His father chuckles. “Don’t mind her, she’s still upset that your brother eloped.” He turns to face you, “you’re already part of the family, hun.”
You nod automatically, the word family settling somewhere in your chest in a way that feels heavier than it should. “That’s sweet,” you say.
Jake squeezes your hand under the table in reassurance, like this is something good…something to be happy about and it is, it should be.
This is what people want, isn’t it? Warm dinners, parents who already look at you like you belong. A boyfriend who plans ahead, who shows up early with flowers and expensive gifts.
You used to think you wanted this. You still think you do. So why does it feel like you’re sitting just slightly outside of your own life, watching it happen instead of fully living it? You smile when Jake’s mom asks you another question, nodding along, answering without really hearing yourself. The conversation flows around you but your thoughts have already drifted somewhere quieter, somewhere harder to look at.
This isn’t how you imagined twenty-three.
You thought it would be louder, messier. Late nights that bled into early mornings, candles stuck into a store-bought cake at midnight because someone forgot to plan ahead. You thought there would be party-city decorations taped unevenly to the walls, balloons already starting to deflate.
You thought there would be handwritten cards, messy, rushed and filled with inside jokes. Cards that meant more than the gifts themselves.
You’ve spent so long telling yourself this is what you wanted: a life that makes sense, a relationship that feels safe, a future that doesn’t come with question marks attached and now that you’re sitting in the middle of it, surrounded by everything you once thought would make you feel whole, all you can focus on is the quiet, unsettling feeling that something is off.
That maybe wanting something for so long doesn’t mean it’s right when it finally finds you.
Jake squeezes your hand gently, grounding you just enough to pull you back into the moment. “Everything okay?” he asks, his voice low.
You nod too quickly, offering him a smile that feels convincing enough. “Yeah. I’m fine.”

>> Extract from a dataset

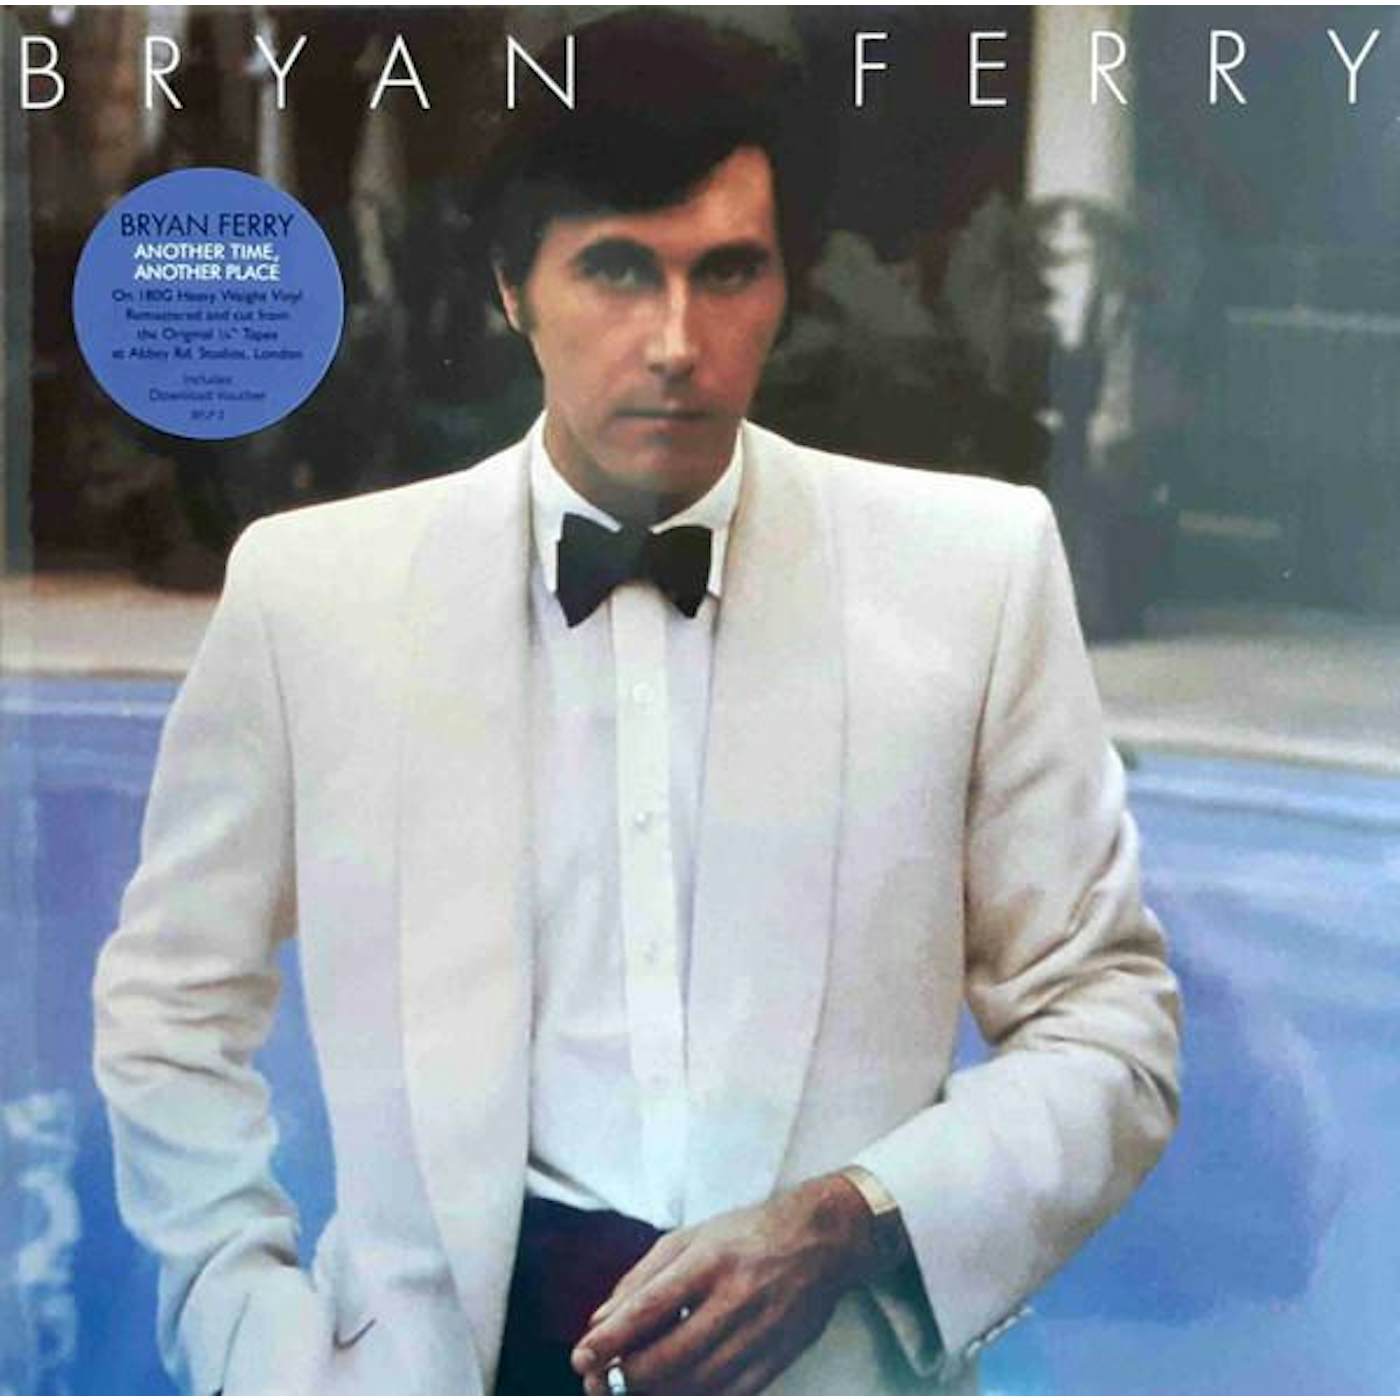 Bryan Ferry ANOTHER TIME / PLACE (180G/IMPORT) Vinyl Record

And you almost believe it.
Nothing here is wrong. There’s nothing to point to, nothing to explain why your chest feels this tight, why your thoughts keep drifting just out of reach, why you feel like you’re standing on the edge of something you can’t quite name. So you let the conversation pull you back in, let yourself laugh when you’re supposed to, respond when spoken to, slip back into place like you’ve done all night but the feeling doesn’t go away.
It lingers, a persistent question you’re not ready to answer: why does something you’ve wanted for so long feel so unfamiliar now that you have it?
NYU sophomore year
You don’t realize what time it is until it’s already too late.
Your laptop screen is the only light in the common room, the rest of the floor is quiet. Your fingers move quickly over your keyboard, words spilling out faster than you can second guess them, the story in your head finally taking shape.
Manon had been there at some point, curled up on the couch scrolling through her phone but you barely noticed when she got up. Sohee had said something about grabbing water, or maybe snacks before disappearing. Anton had been sitting across from you, half-watching whatever you were writing, half-doodling in the margins of his notebook. You don’t remember when he left either.
You’re too deep in your fictive world to notice how all your friends have slowly abandoned you until a voice cuts through. “Yo.”
You glance up to see Anton leaning against the doorway, hair slightly messy, hoodie sleeves pushed up his arms. “I think I left my captain’s hoodie in your room,” he says, scratching the back of his neck. “Can you come check? I don’t wanna just go in there if you’re not—”
“Oh, yeah,” you say immediately, already pushing your chair back. “It’s probably on my desk.”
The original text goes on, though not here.